Il funambolo del sifone. Lo scienziato che cucina. Il rivoluzionario del gusto. Il Salvador Dalì dei fornelli. Ferran Adrià, 46 anni, nato a L’Hospitalet de Llobregat, (hinterland di Barcellona) è considerato il genio - ha vinto premi su premi, gastronomici e non - che ha stravolto le convenzioni dell’alta ristorazione. Cominciando dalle consistenze: gelato di polenta, torroni di minestrone, ravioli di melanzana caramellati con le Fisherman’s Friend sciolte, ostriche sotto forma di meringa... Da più di vent’anni torme di aficionados vanno a El Bulli (www.elbulli.com), il ristorante a Roses, nella cala Manjoi, come al vero santuario della degustazione sperimentale (è prenotato già per tutto il prossimo anno). Teorico della “cucina nueva”, usa ogni ritrovato della scienza per trasformare, mixare, creare accostando sapori e saperi diversi. Questa volta si è lasciato cucinare lui, a fuoco vivace.

1. Il primo sapore che ricorda? Le patate fritte di mia madre: ho una memoria molto selettiva.

2. Il primo pensiero del mattino? Esisto. Ancora per oggi, io esisto.

3. La sua prima colazione? Un caffè. Un bicchiere d’acqua. Uno yogurt. Sono un tipico esempio del celebre “metabolismo del cuoco”: di sera troppo, di giorno niente.
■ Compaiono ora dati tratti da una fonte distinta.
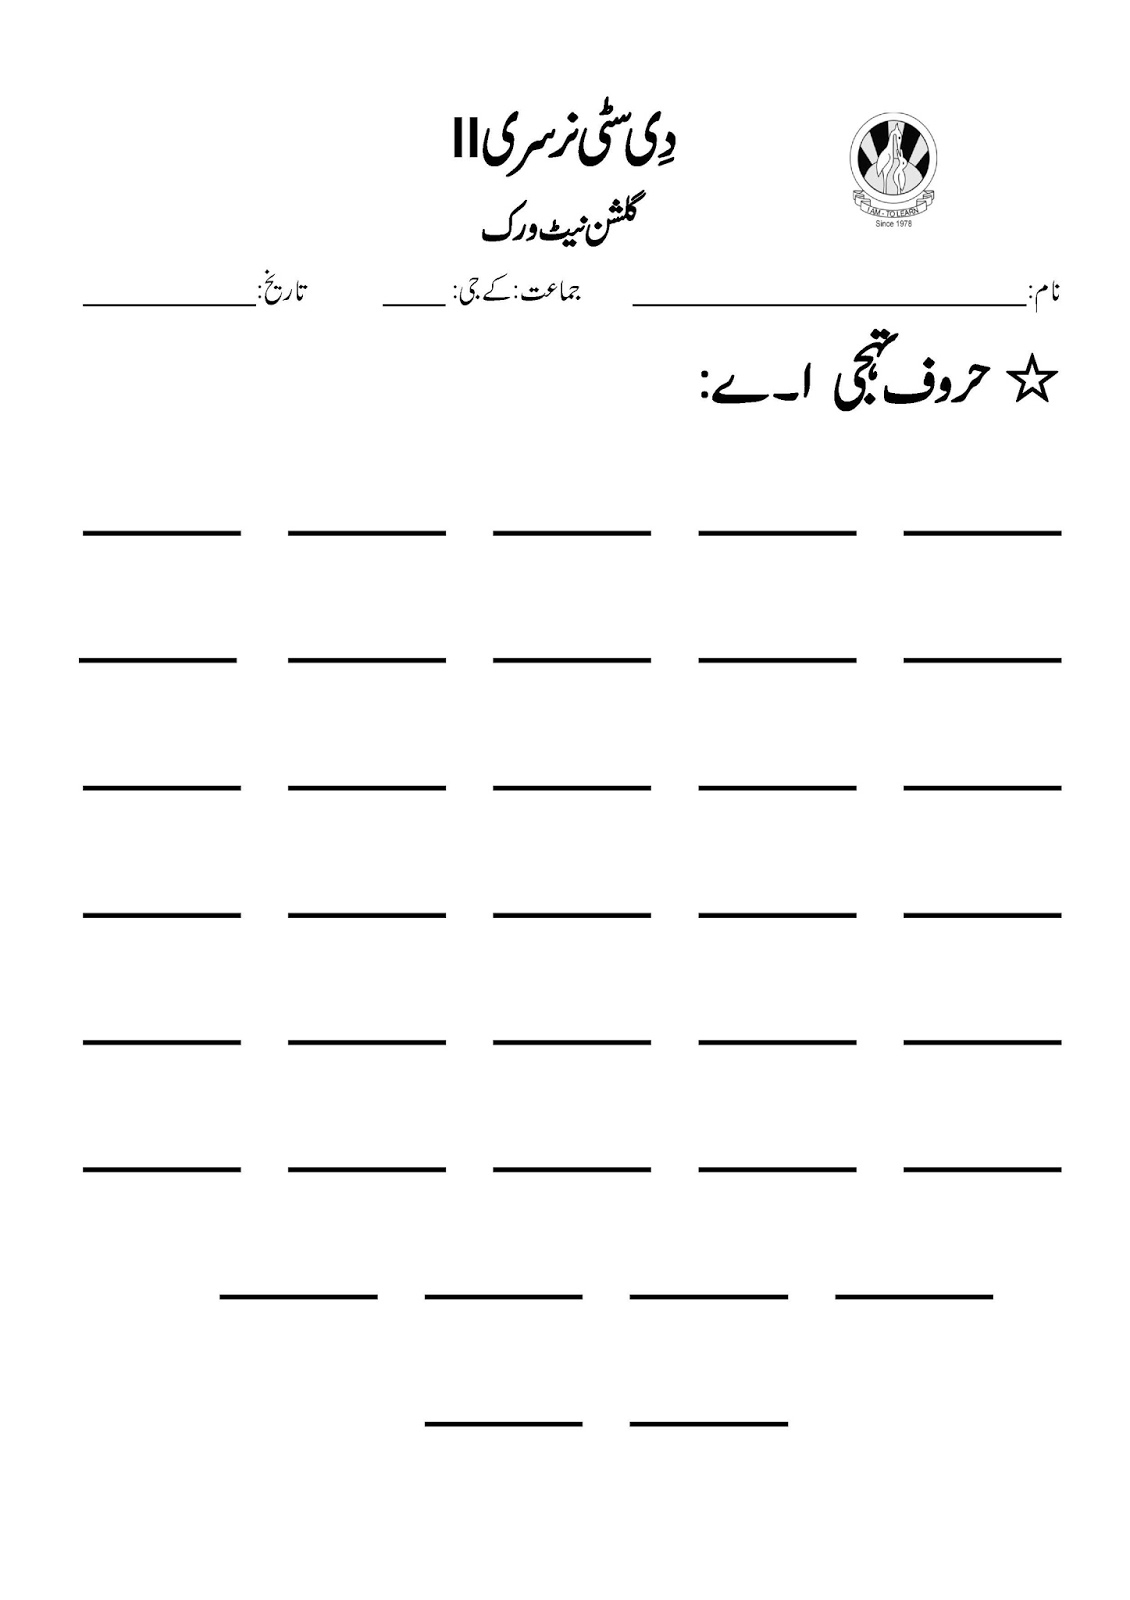 Urdu Ws Page 15 1 130 1 600 Pixels

4. Ma quando lei era bambino diceva “voglio fare il cuoco”? Ma va’... Non ho mai avuto una vocazione, una missione. Io volevo diventare calciatore. Poi, nel 1980, ho deciso di passare le mie vacanze a Ibiza: siccome mio padre non mi dava un soldo, ho trovato lavoro come lavapiatti. Di mattina dormivo, la sera lavoravo, di notte andavo in discoteca a rimorchiare ragazze. Da lì è cominciato tutto.

5. Non è che si è pentito di non avere continuato a giocare? La verità? Pensavo di essere bravo, di andare in serie A. Poi il mio allenatore mi ha detto «Sei bravino, ma non andrai mai ai Mondiali». E lì ho imparato una cosa fondamentale...

6. Cosa ha imparato? Per fare strada non puoi fare affidamento sul giudizio che hai di te stesso. Si deve avere l’umiltà di chiedere a chi ne sa più: «Sono bravo o no?», e solo dopo pensare a quello che potrai diventare.

7. La cena perfetta per sedurre? Se sapessi qual è, non glielo direi.

8. E quella perfetta per lasciarsi? Spero di non prepararla mai.

9. Sesso & cibo: sempre di pari passo? Sì, se la cucina è accanto alla camera da letto. Seriamente? Non credo. Inutile dire che se puoi mangiare quando vuoi, fare sesso proprio no.

10. In discoteca a Ibiza ci va ancora? Mah, diciamo una volta all’anno.

11. Per quale squadra tifa? Barcellona, che domande! (Ma anch’ io, che vado a chiedere a un catalano?)

12. Qual è il film dove si mangia meglio? Facile: Il pranzo di Babette.

13. Libri sul comodino? Io non leggo libri, io li scrivo. (Ah, però...) Ehi, sto scherzando! Soprattutto libri di cucina, di ogni paese e di ogni epoca.

14. Quando ha capito per la prima volta di aver fatto gol nel suo lavoro? Mai. Detesto ogni forma di assolutismo. Il bello di vivere è camminare, fare tante cose, imparare. Poi fermarsi, guardare indietro e osservare il percorso fatto. Questo è emozionante, mica dirsi e dire a tutti: «Guardate, sono arrivato!».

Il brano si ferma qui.